Mtatiro Mwita v. Mwita Marianya, (PC) Civ. App. 12-M-67, 16/1/68, Georges C. J
Plaintiff received one bullock from defendant in exchange for some finger millet. The bullock died two months later of unknown causes. Both parties belong to the Kuria tribe, and this type of contract is well known in tribal custom. The custom is that if an animal so exchange for millet dies within one year, the meat and skin may be returned to the other party who is then obliged to replace the animal. Plaintiff followed this procedure and then brought this suit for another bullock. The primary court failed to follow the customary rule and decided for the defendant citing Tarime. District Court Civil Appeal No. 4 of 1966, in which district court refused to follow the custom.

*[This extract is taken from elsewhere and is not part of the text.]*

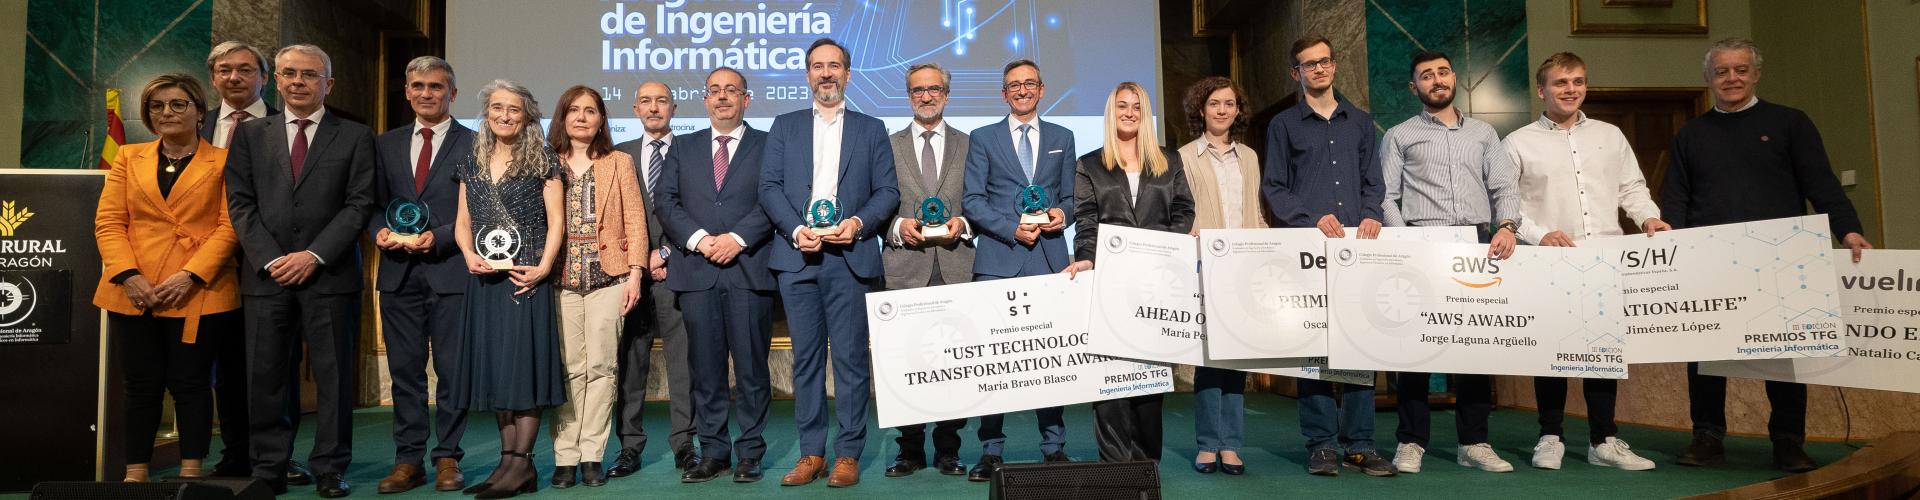 III Edición premios aragoneses de Ingeniería Informática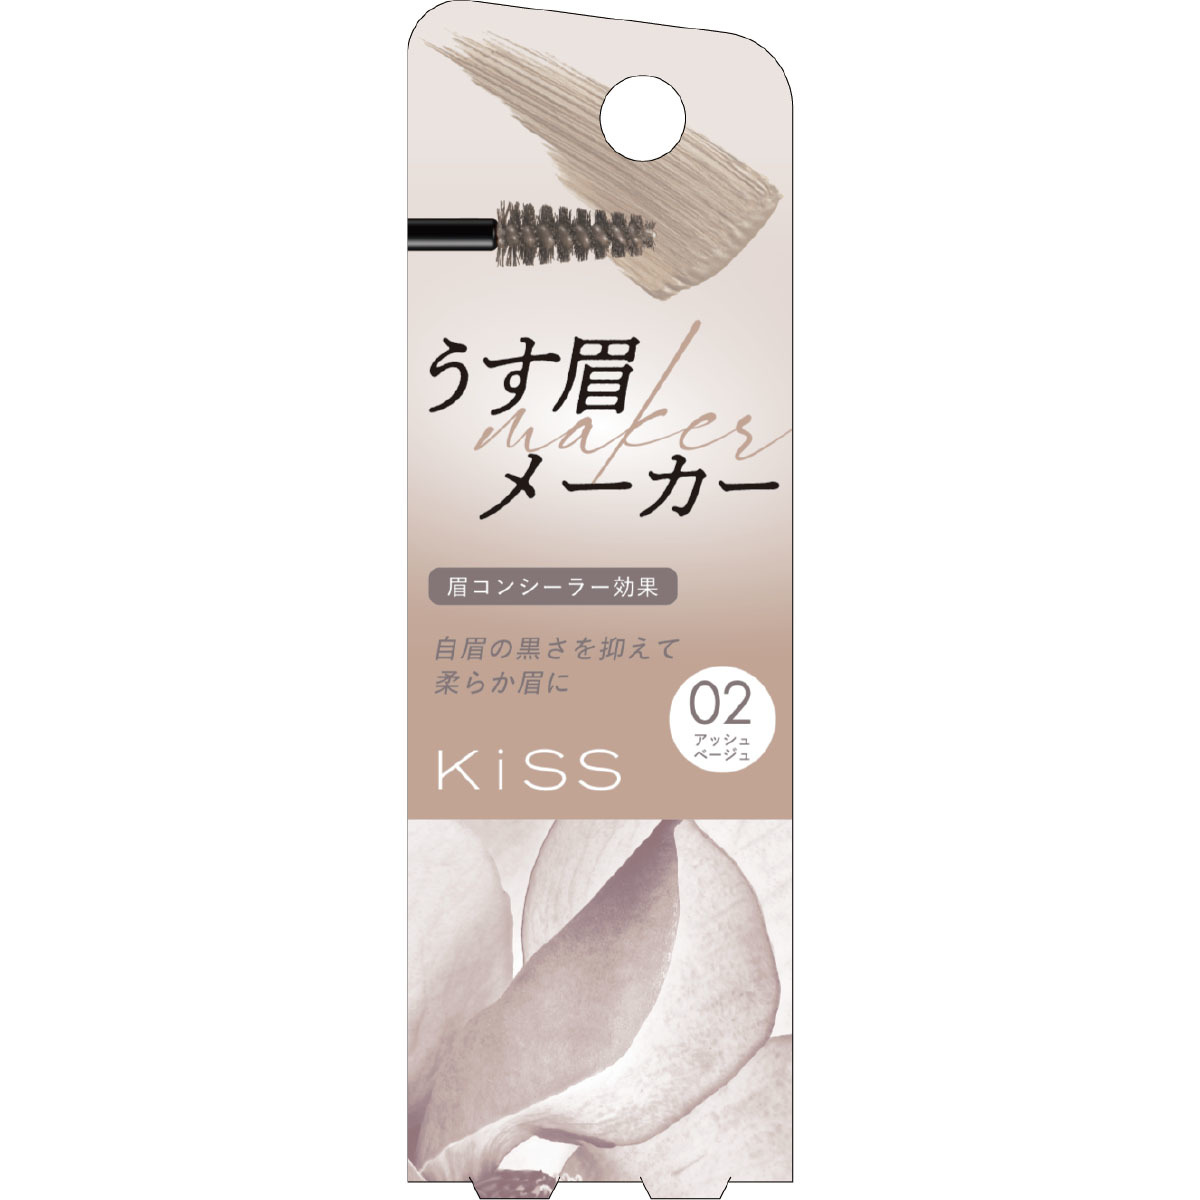 キス うす眉メーカー02 | Kiss | マルイウェブチャネル

Held: (1) “If persons of the same tribe enter into an agreement well known to tribal custom under which the terms are prescribed, these persons must, in the absence of evidence to the contrary, be understood to be contracting in accordance with these terms.” (2) Relevant customary law must be applied if it is”……applicable and is not repugnant to justice or morality or inconsistent with any written law.” The rule in question here is a simple one; it does not take account of the fact that death may be due to the fault of the person receiving the animal But this is not to say that it is repugnant to justice or morality, and it certainly is not inconsistent with any written law. No evidence was presented to indicate that plaintiff was in any way at fault in the death of the bullock. Decision for plaintiff.
The Court stated, obiter; If it were proved that the animal had died due to the neglect of he person receiving it, “….. the Court, while upholding the rule, could find that the facts did not fall within its purview, as good faith and the customary standards of animal husbandry must be implied as the basis of the agreement.”